If you’re uncomfortable with this, try to find a shop where you will be free to look through everything for yourself. From the moment you enter the salon, be mindful of the way you’re being treated and of the way the salespeople are making you feel. Are they treating you respectfully? Or are they acting haughty? If it’s the latter you may want to take your business elsewhere. This is where all the knowledge you’ve armed yourself with will come in handy. If you can talk expertly about dress silhouettes and styles, the salesperson will know she’s dealing with an informed consumer. Take advantage of a salesperson’s expertise. She works with brides every day -- if anyone knows about dresses, she does. Bounce ideas off of her, and consider her advice. If anyone tries to talk you out of or into something, or makes you feel uncomfortable about your decisions, remember that a good salesperson will never push you to buy something you’re unsure about.
How to Shop
When you finally step into the dressing room, try to keep an open mind. If the salesperson brings you something she says you must try it -- even if you detest the way it looks on the hanger. Many a bride has ended up waltzing down the aisle in a gown the salesperson had to persuade her to try on. And while certain styles work best on certain body types, it helps to try on all different kinds of dresses, then decide what shape and style you look and feel best in. One of the biggest misconceptions about bridal gowns is that they only come as is. The truth is, most gowns can be ordered in alternative forms. So if you like the bodice of one and the skirt of another, ask to have them put together to form your dream dress (provided, of course, that both gowns come from the same designer). And don’t be afraid to ask to have embellishments like bows and beads added or removed.
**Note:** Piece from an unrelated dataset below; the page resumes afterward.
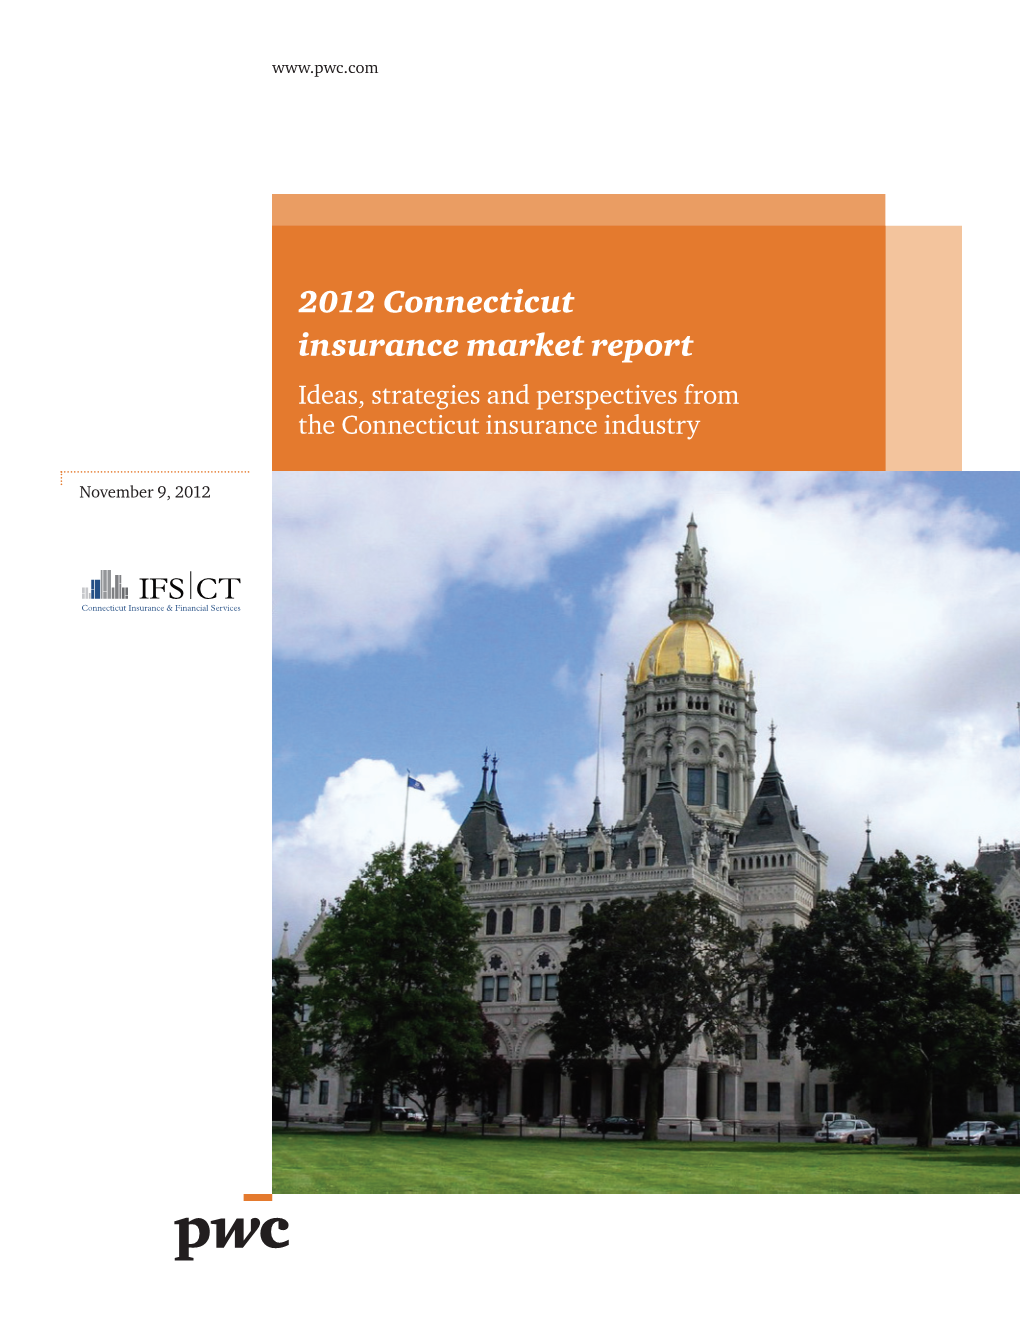 2012 Connecticut Insurance Market Report Ideas, Strategies and Perspectives from the Connecticut Insurance Industry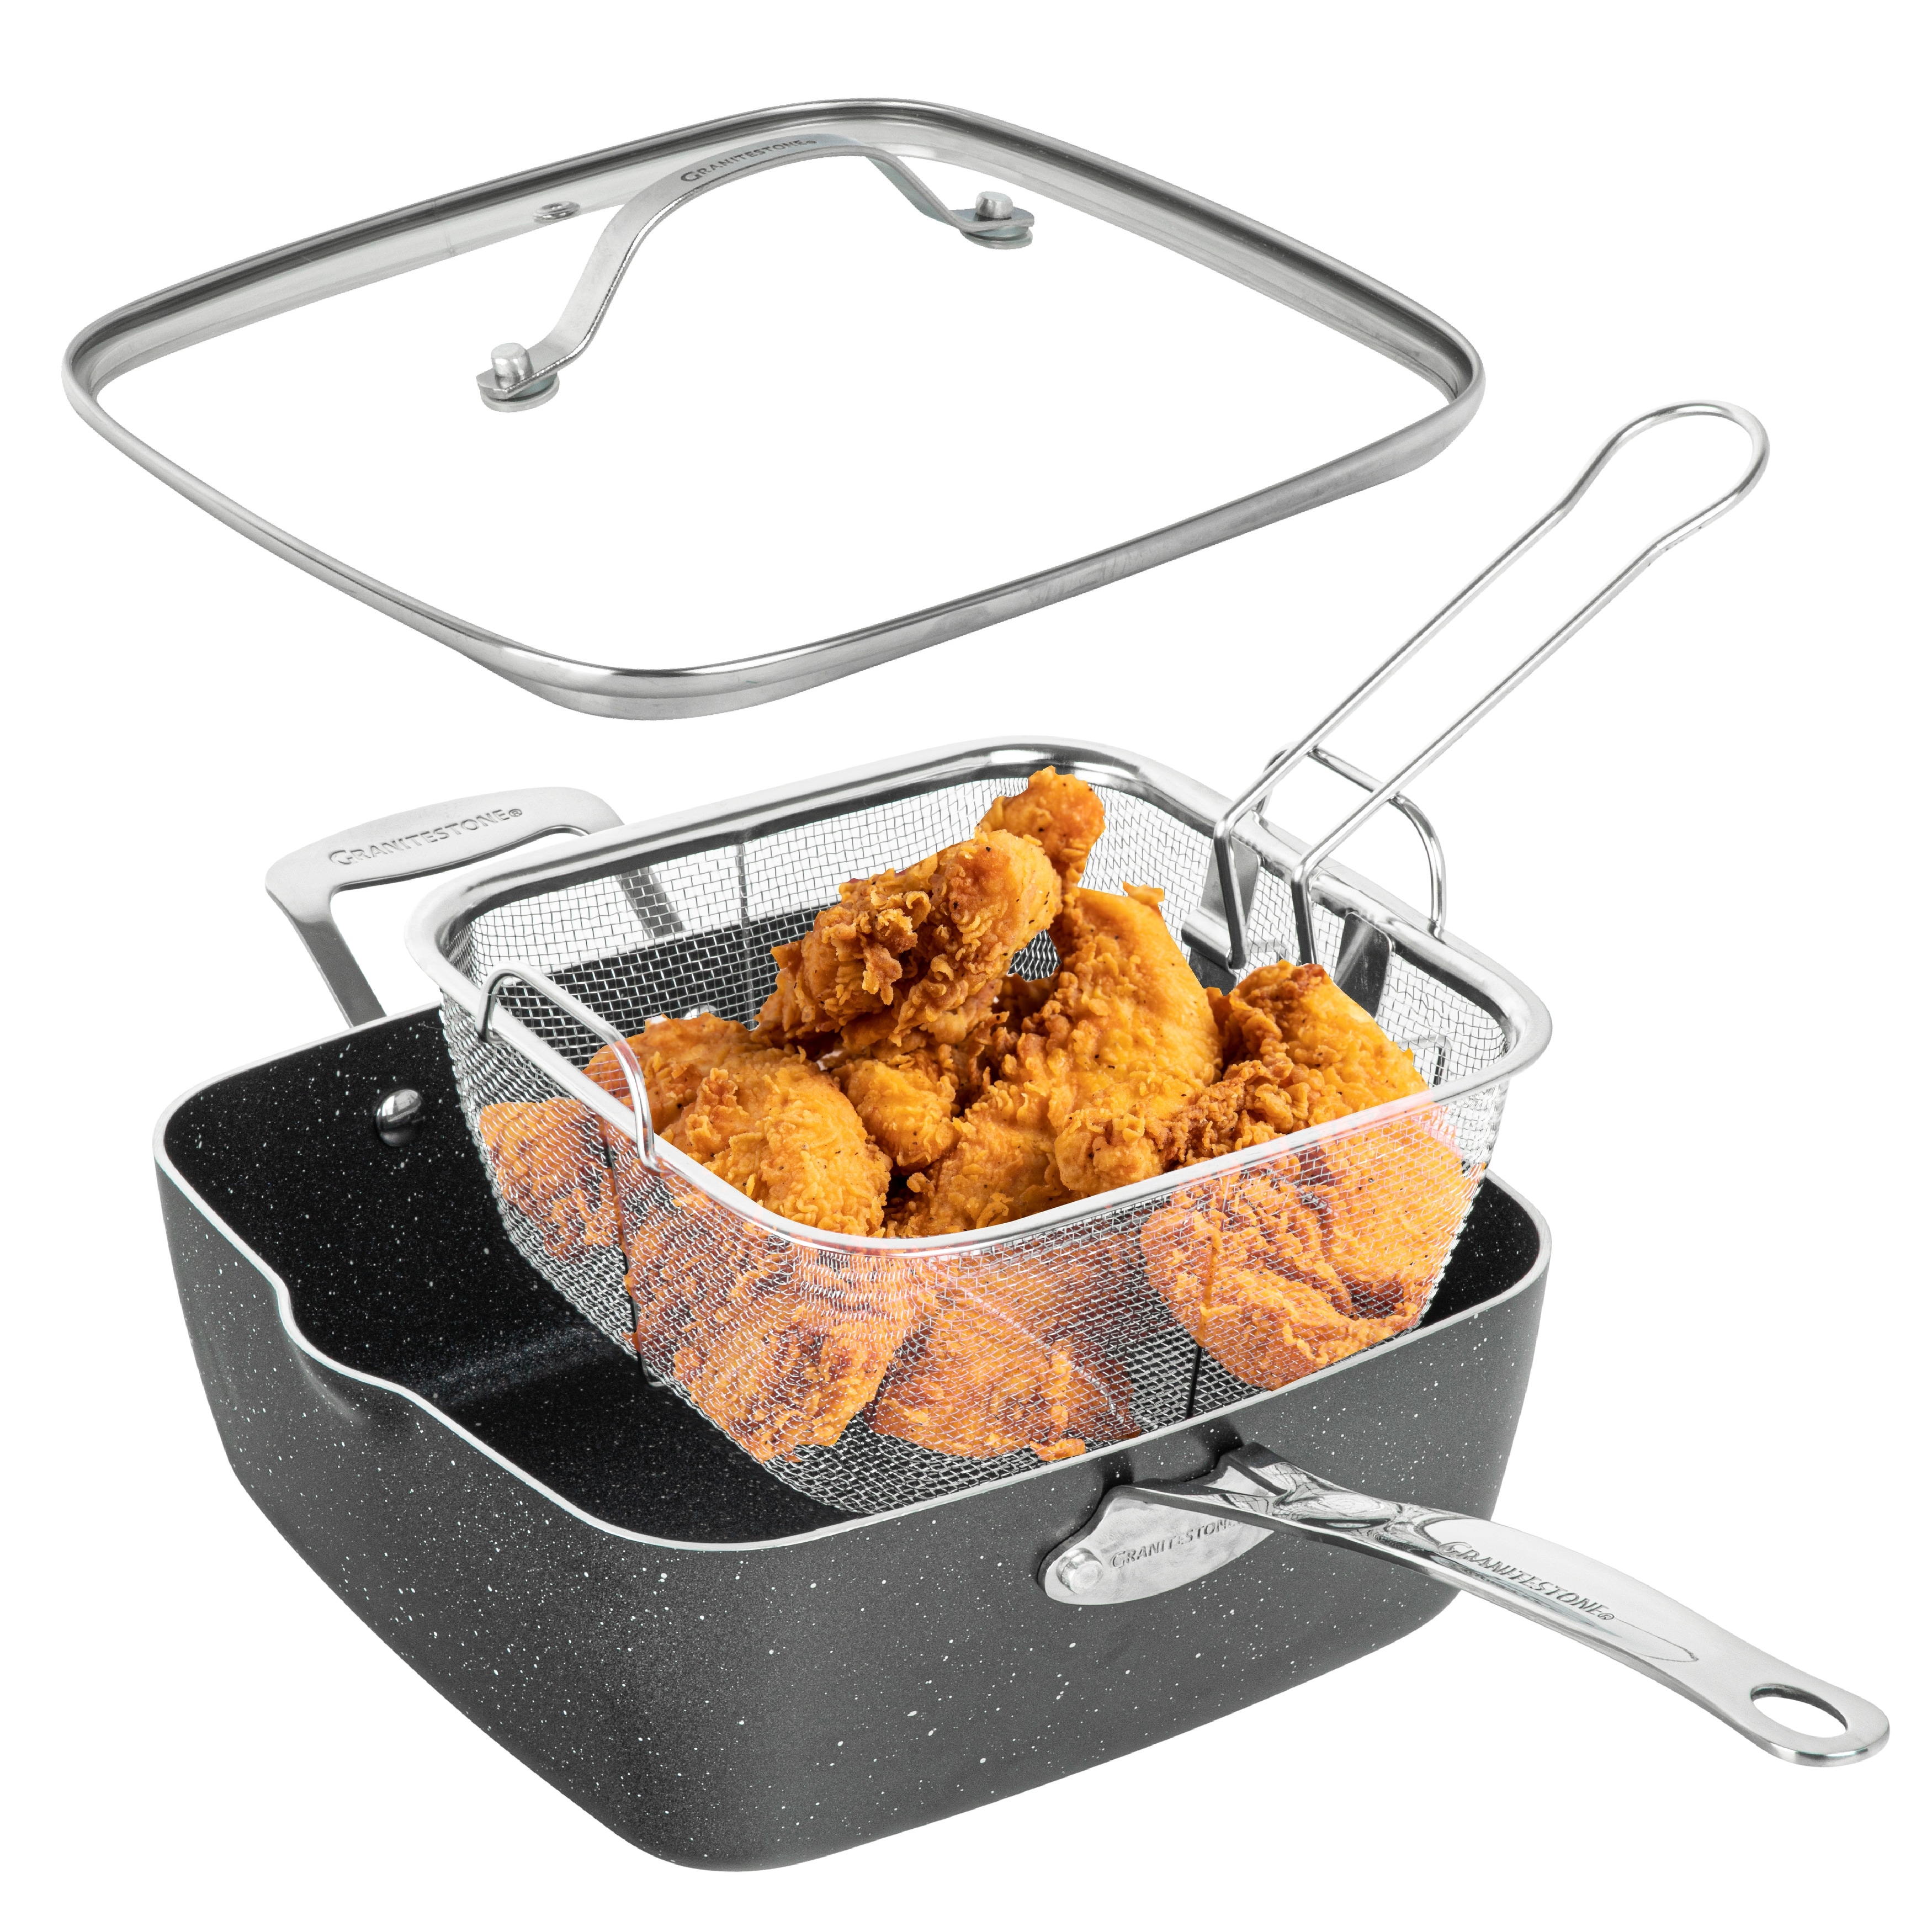 https://ak1.ostkcdn.com/images/products/is/images/direct/63e10ec2e6ddede6ab35ec7f4b90dd58ca660fbe/Granitestone-Nonstick-4-Pc-9.5-Inch-deep-Square-Pan-with-Fry-Basket-and-Steamer.jpg

Keep in mind, though, that the more you stray from the original design, the more it will cost you in the end. Something else to remember: Give yourself options and lots of time to think before you buy. Even after you think you’ve found your gown, take a bit to be absolutely sure it’s the one for you. Since bridal gowns are custom-made, most salons put a no-return policy in their contracts. And lastly, always trust your instincts. Ask yourself, can I really see myself walking down the aisle swathed in this gown? Is this how I pictured myself looking as a bride? If not, take it off and move on. But if the gown passes muster, take a deep breath, smile at your reflection, and breathe a huge sigh of relief -your search is over!